- Label : Carlsberg
By DALJIT DHESI
daljit@thestar.com.my
It locks in up to 90% of raw material prices for this year
SHAH ALAM: Carlsberg Brewery Malaysia Bhd expects to maintain its margins this year despite high commodity prices as it has locked in up to 90% of its raw material prices for the year. Its managing director Soren Ravn said in the next three months the company would have to decide on raw material prices for next year and this would entail, among others, hedging at least 50% of raw material prices.
“Raw material prices like malt and aluminium for beer cans have increased by 30% from a year ago. We do not expect this rise to immediately impact our earnings this year as we have already locked in raw material prices. “If prices were to persist next year, it will still not have much impact on our earnings due to hedging,'' he said at a press conference in conjunction with the relaunch of its Carlsberg brand. This initiative occurred simultaneously across more than 140 markets in which the Carlsberg group operates.
Soren Ravn at the relaunch of Carlsberg’s global brand.
Carlsberg, currently among the top five brands in the country, is banking on organic growth and would focus on revenue generation rather than volume, Ravn said. Asked whether the relaunch of its brand would drive sales, he said, without specifying numbers, that it would judging from the launch of its earlier products. “When we launched the smaller version bottle of our beer two years ago it managed to uplift our sales by 20% to date. Hopefully, with a bigger bottle, we hope to rake in more sales,” he said.

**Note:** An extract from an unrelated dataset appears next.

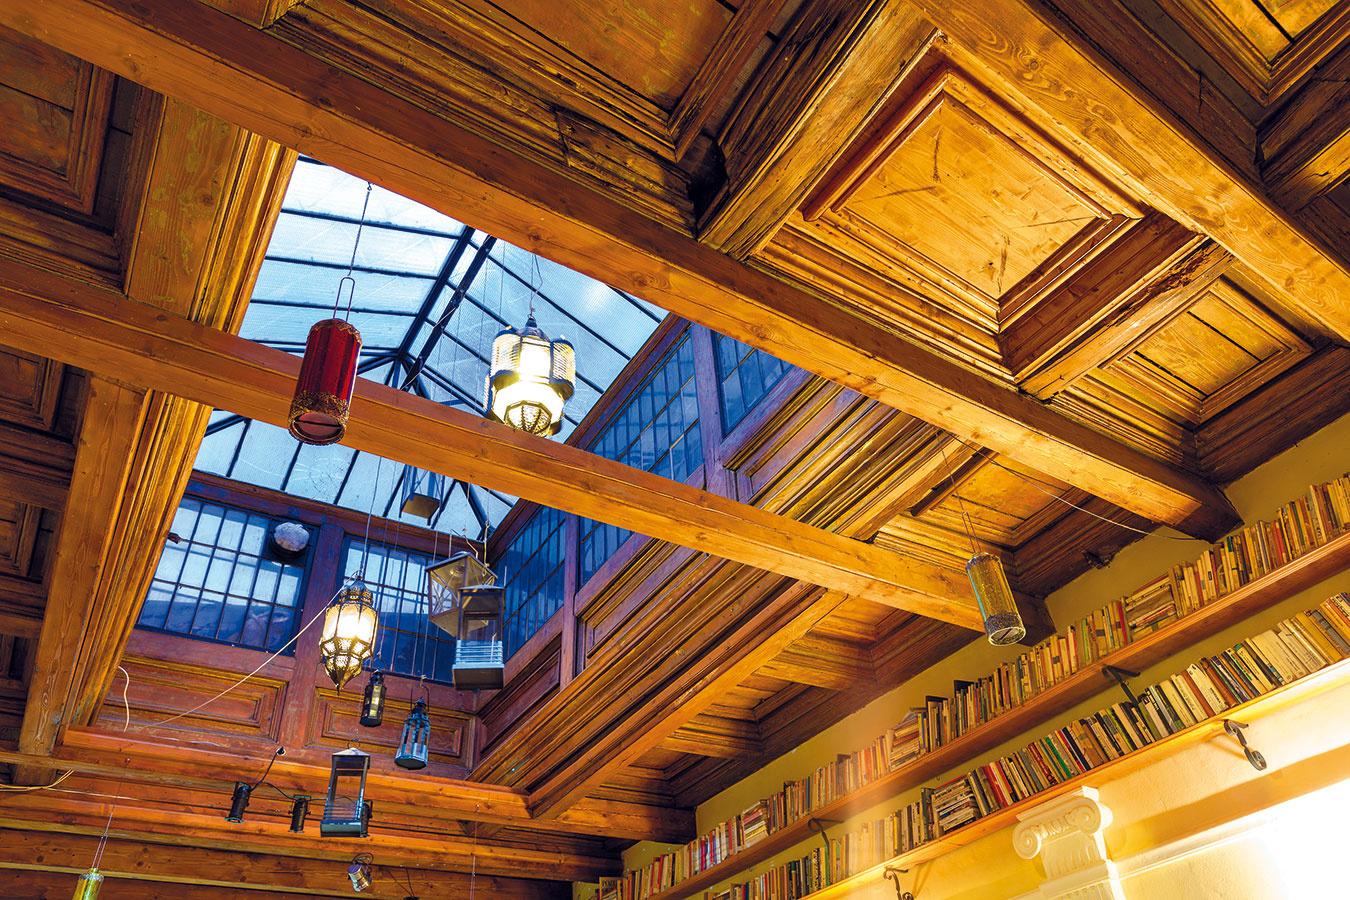 Veľkolepý dobový svetlík sa tu zachoval zčias, keď včasti dnešnej kaviarne fungovala krajčírska dielňa. Jeho unikátnosť ešte viac podčiarkuje precízne orámovanie adekorovanie drevenými prvkami. Zo svetlíka visia rôzne lampáše, ktoré priestor ozvláštňujú azútulňujú.

Going forward, he said the acquisition of Carlsberg Singapore Ptd Ltd and subsidiary Luen Heng F&B Sdn Bhd would provide growth. After more than two years in the making, the group finally unveiled its major global relaunch brand with a new slogan “That Calls for a Carlsberg”. He said for the first time, Carlsberg would share the same core visual identity of the brand worldwide, adding that it would give the brand the same look and feel in terms of packaging and bottles across all markets.
According to Ravn, Malaysia is an important contributor to Carlsberg worldwide's revenue besides Denmark and Europe. For the financial year ended Dec 31, 2010, the group with its strengthened brand portfolio and the successful integration of Carlsberg Singapore achieved RM1.4bil in revenue for the year ended 31 Dec 31, 2010, a 31% growth over the previous year. Its profit after tax stood at RM134.1mil with growth in profitability from both the Malaysian segment and the full year's inclusion of the consolidated results of Carlsberg Singapore.